EX-99.1 2 v449081_ex99-1.htm EXHIBIT 99.1

Exhibit 99.1

 

 

SGOCO Group, Ltd. Appoints DCAW (CPA) Limited as Its New Independent Registered Public Accounting Firm

 

 

Hong Kong, September 21, 2016 /PRNewswire/ -- SGOCO Group, Ltd. (Nasdaq: SGOC) ("SGOCO" or the "Company"), a company focused on product design, distribution and brand development in the Chinese display and computer product market as well as energy saving products and services, today announced the appointment of DCAW (CPA) Limited ("DCAW") as the Company's independent registered public accounting firm to perform independent audit services for the year ended December 31, 2016.

 

On September 19, 2016, SGOCO Group, Ltd. (the "Company") was advised that the Company's independent registered public accounting firm, Crowe Horwath (HK) CPA Limited("CHHK"), will no longer provide audit and assurances services to public companies subject to the statutes and regulations of the United States effective as of October 1, 2016. Accordingly, the Company, with the approval of its audit committee and board of directors, terminated the services of CHHK effective September 19, 2016, and retained the services of DCAW as its new independent registered public accounting firm, effective September 19, 2016.

 

The director formerly responsible for the Company's account at CHHK will join the Company's new audit firm, DCAW, and will be the director responsible for the Company's account at the new firm.  

 

CHHK’s reports on the financial statements of the Company for the fiscal years ended December 31, 2014 and 2015 did not contain an adverse opinion or disclaimer of opinion, nor were they qualified or modified as to uncertainty, audit scope or accounting principles, except that its report for the fiscal year ended December 31, 2015 contained an emphasis of matter paragraph regarding the Company’s ability to continue as a going concern.
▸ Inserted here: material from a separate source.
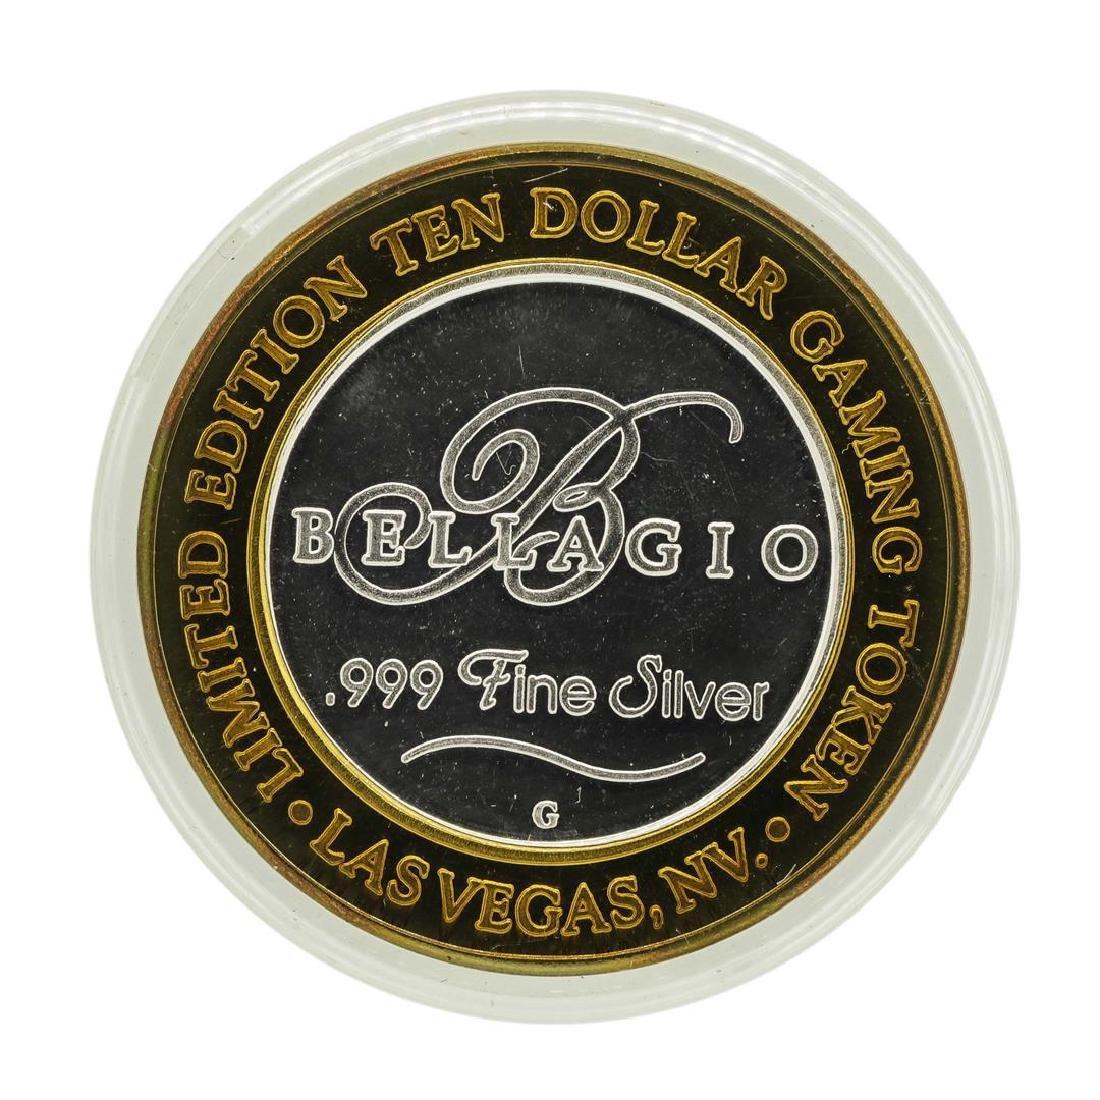 .999 Silver Bellagio Las Vegas, Nevada $10 Casino - 2

During the Company's fiscal years ended December 31, 2014 and 2015 and through September 19, 2016, there were no disagreements between the Company and CHHK on any matter of accounting principles or practices, financial statement disclosure, or auditing scope or procedure which disagreements, if not resolved to CHHK’s satisfaction, would have caused CHHK to make reference to the subject matter of the disagreements in their reports on the Company's consolidated financial statements for such periods. Furthermore, no reportable events as that term is defined in Item 16F(a)(1)(v) of Form 20-F, occurred within the periods covered by CHHK’s reports on the Company's consolidated financial statements, or subsequently up to the date of CHHK’s dismissal.

 

 

 

 

The Company has provided CHHK with a copy of the foregoing disclosures and has requested that CHHK review such disclosures and provide a letter addressed to the Securities and Exchange Commission (“SEC”) as specified by Item 16F(a)(3) of Form 20-F. Attached as Exhibit 99.1 is a copy of CHHK’s letter addressed to the SEC relating to the statements made by the Company in this Report on Form 6-K.

 

During the Company’s two most recent fiscal years ended December 31, 2014 and 2015 and through September 19, 2016, neither the Company nor anyone on its behalf has consulted DCAW regarding either (i) the application of accounting principles to a specified transaction, either completed or proposed, or on the type of audit opinion that might be rendered on the consolidated financial statements of the Company, and neither a written report nor oral advice was provided to the Company that DCAW concluded was an important factor considered by the Company in reaching a decision as to any accounting, auditing or financial reporting issue; or (ii) any matter that was either the subject of a disagreement or a reportable event as described above.